→ YOUR INSTRUCTIONS:
Any picture in the listing is left out of the copy; all else is duplicated exactly.

→ GIVEN INFORMATION:
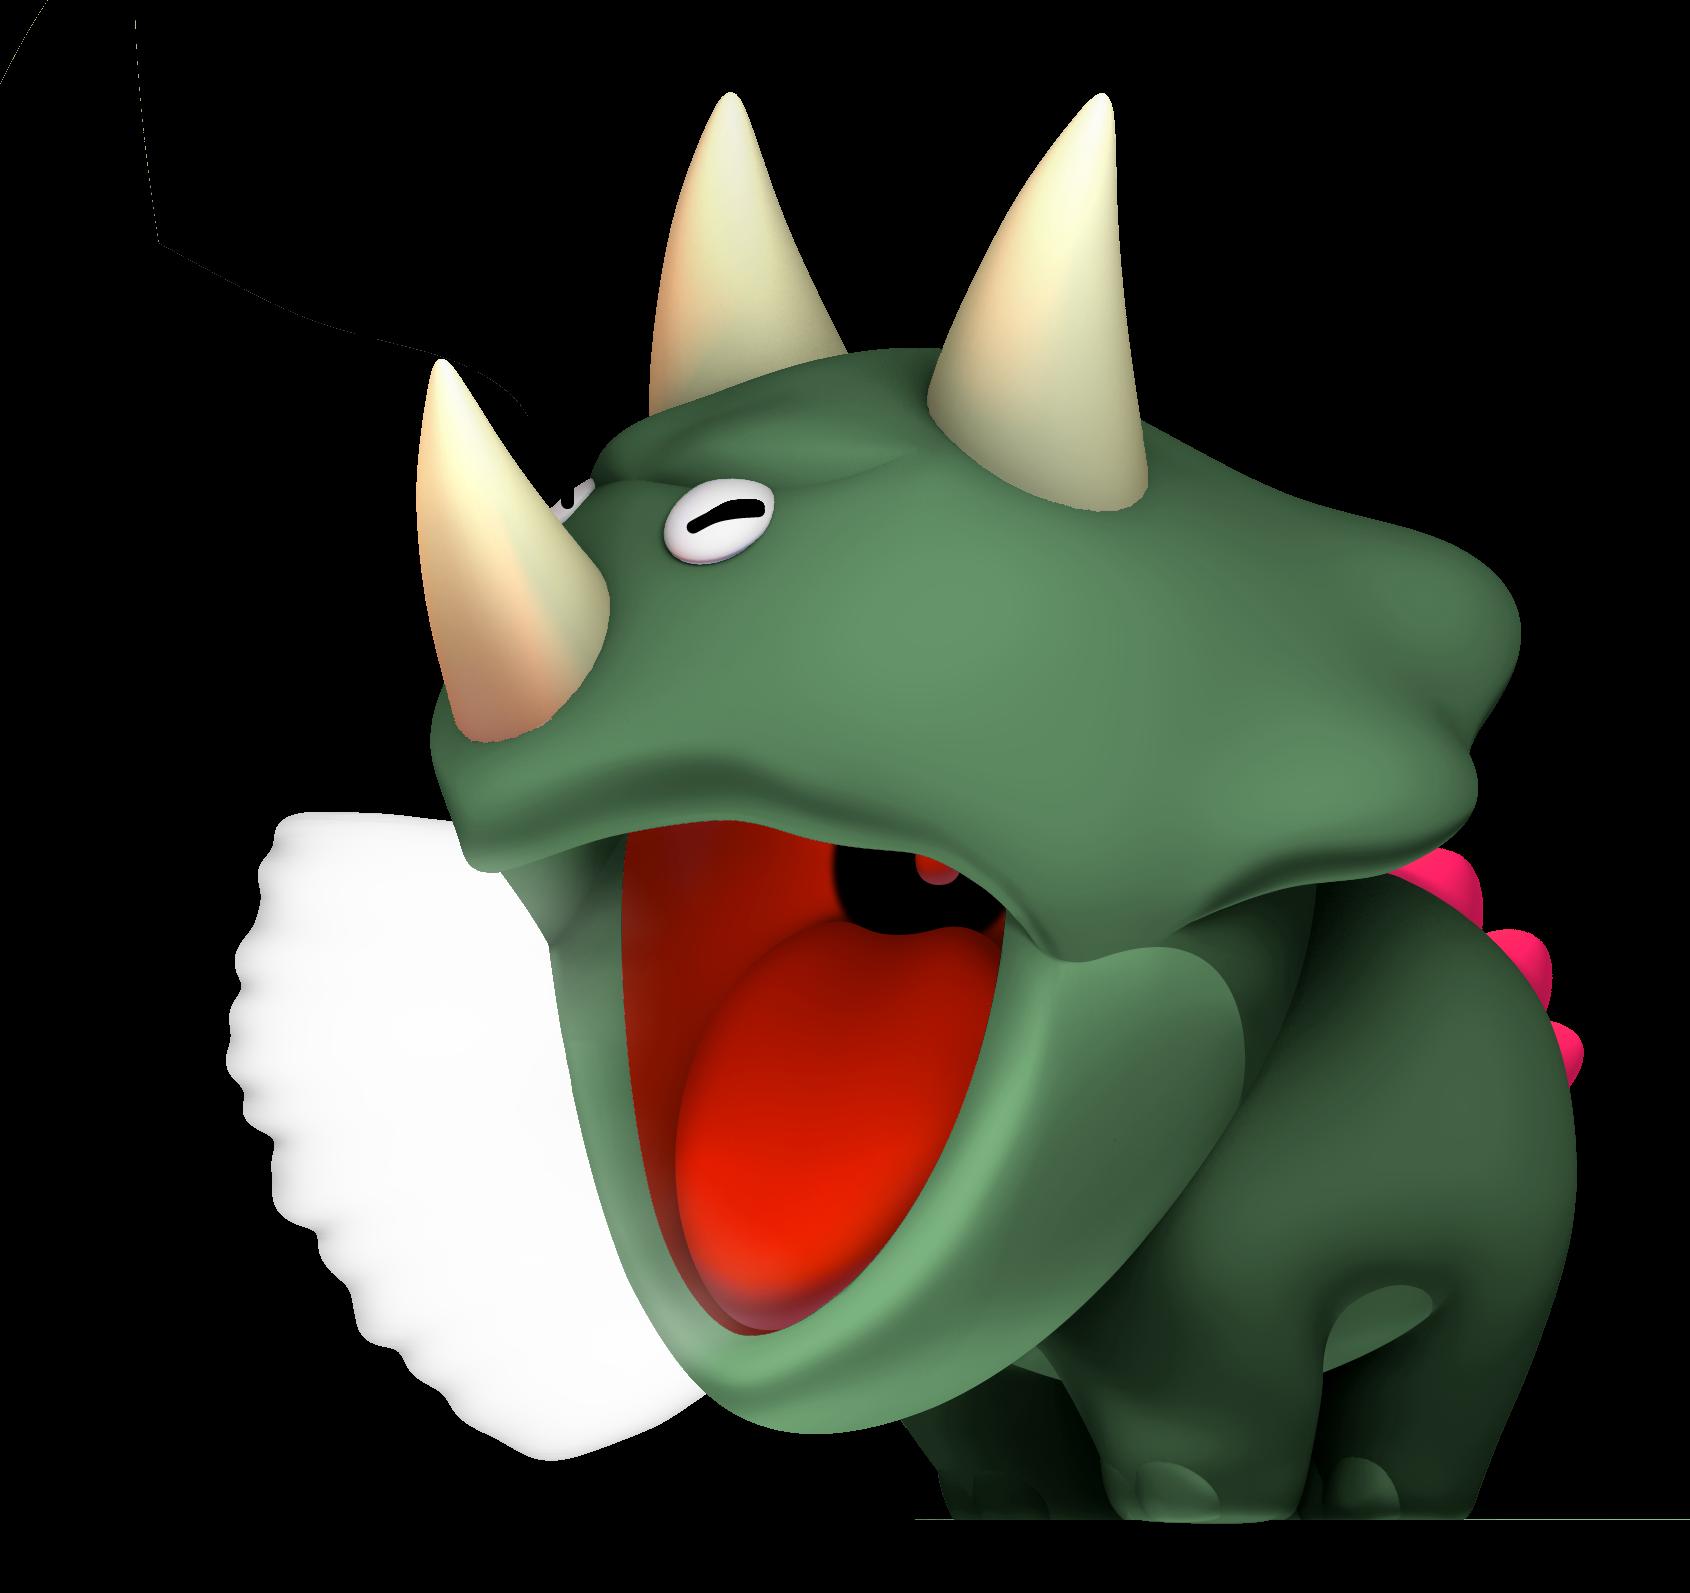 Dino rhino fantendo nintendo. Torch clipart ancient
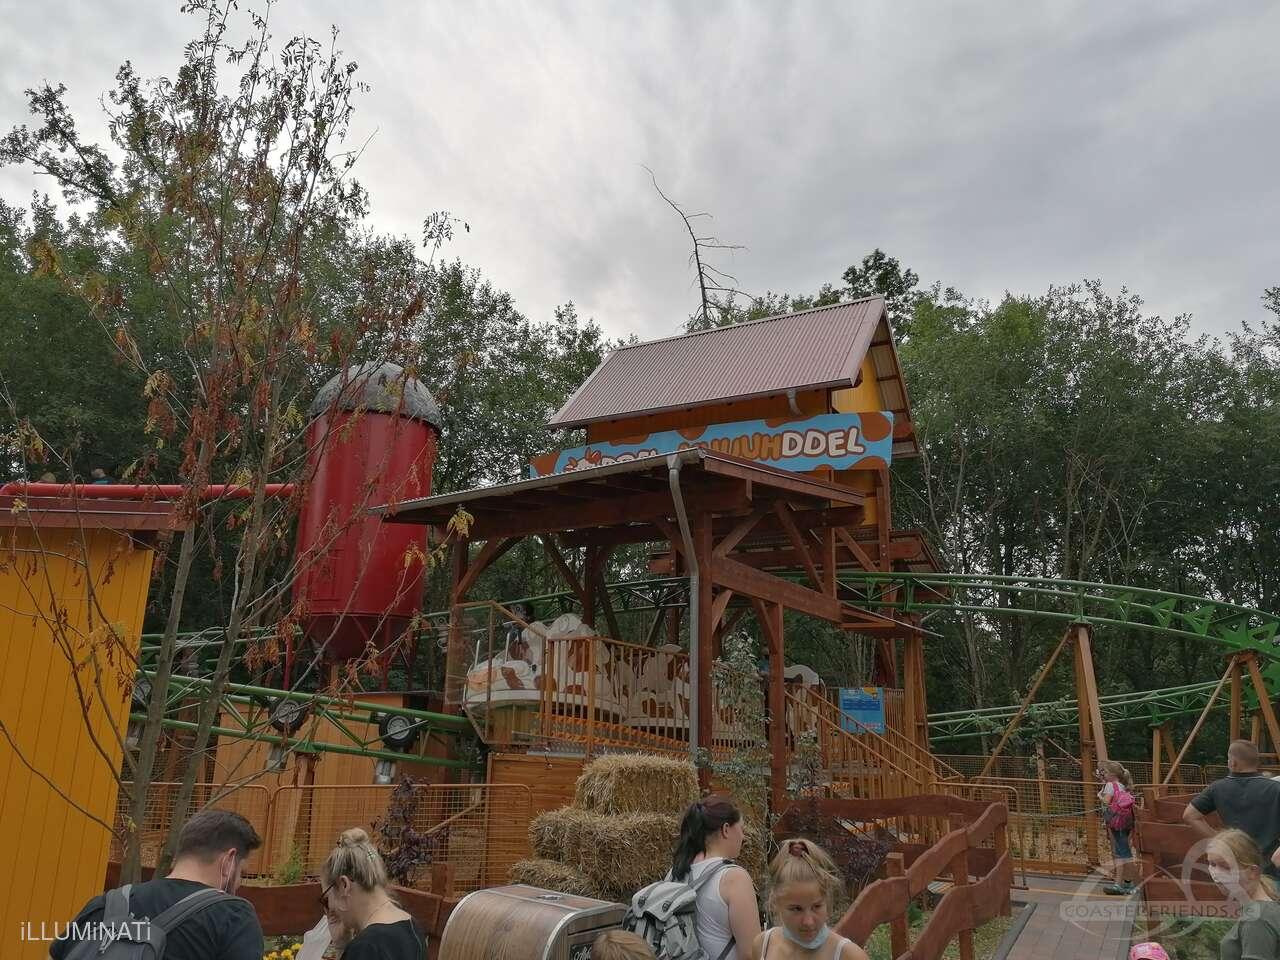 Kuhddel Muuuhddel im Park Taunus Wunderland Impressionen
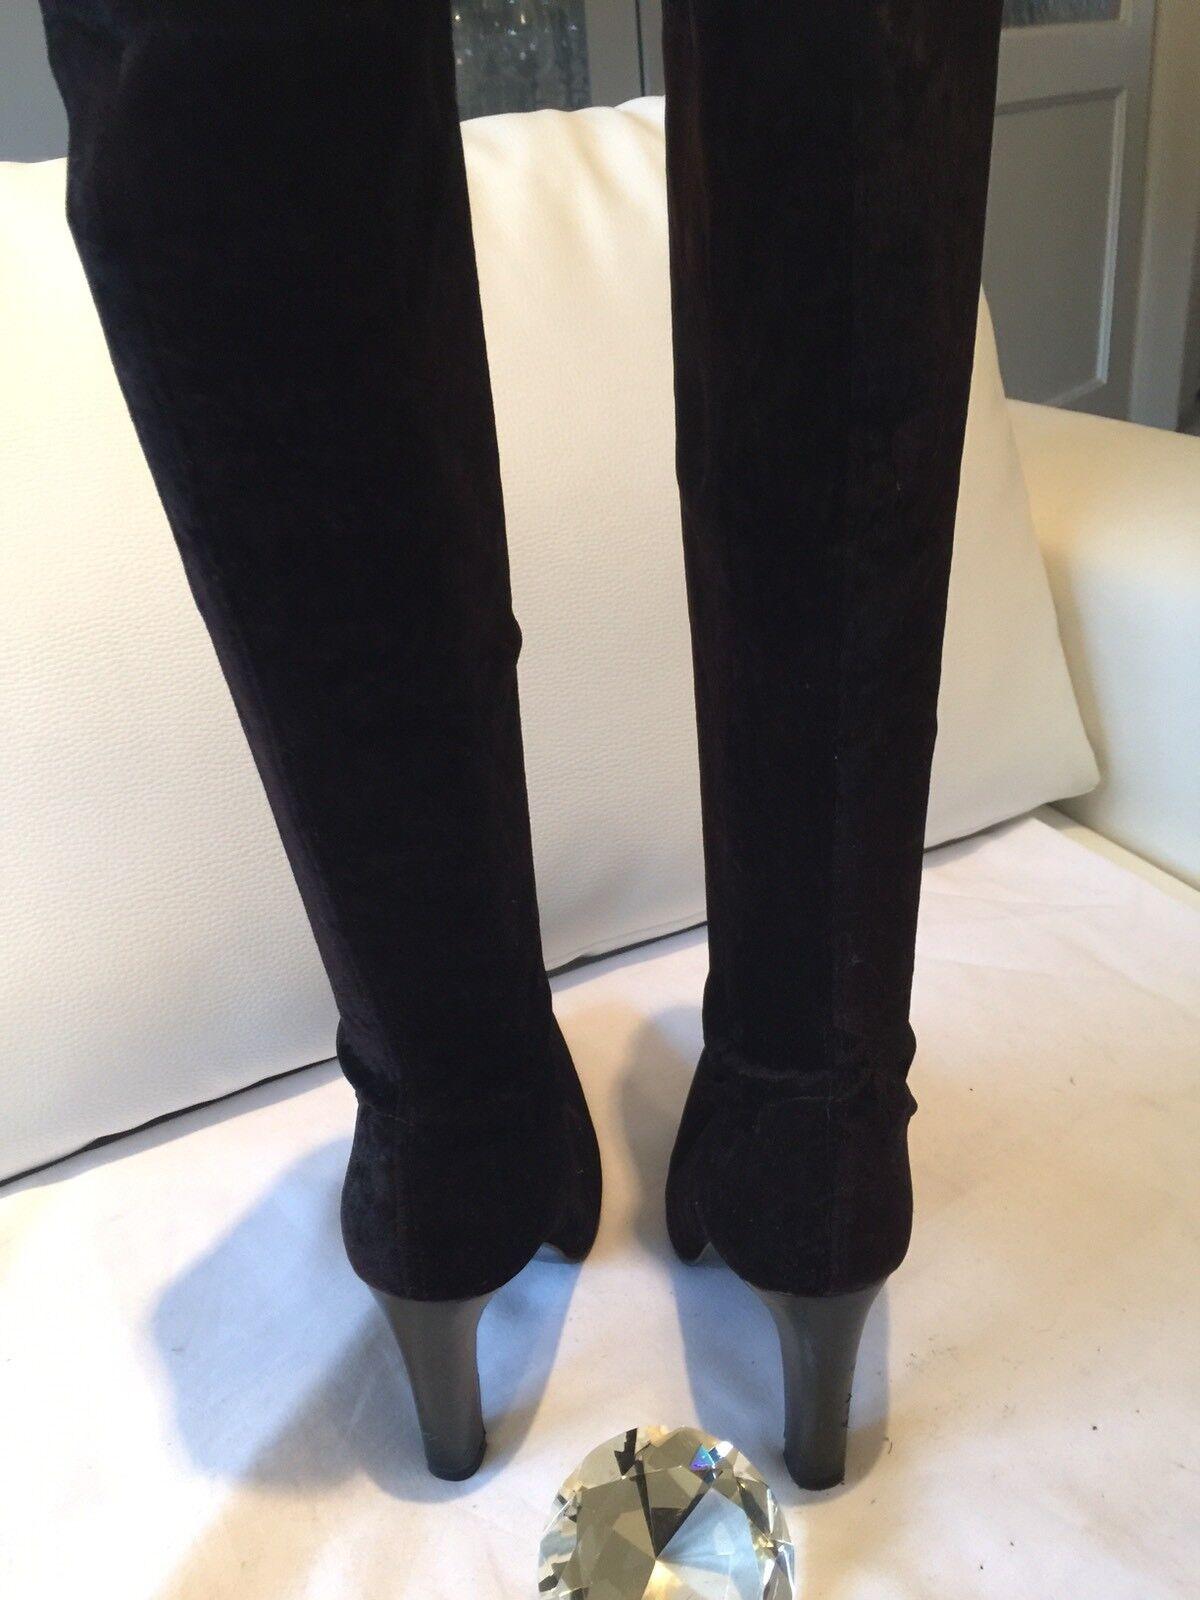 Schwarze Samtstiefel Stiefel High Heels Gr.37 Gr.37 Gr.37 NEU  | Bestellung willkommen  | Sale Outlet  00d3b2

→ OUTPUT OF THE EXERCISE:
 Dino rhino fantendo nintendo. Torch clipart ancient
 Kuhddel Muuuhddel im Park Taunus Wunderland Impressionen
 Schwarze Samtstiefel Stiefel High Heels Gr.37 Gr.37 Gr.37 NEU  | Bestellung willkommen  | Sale Outlet  00d3b2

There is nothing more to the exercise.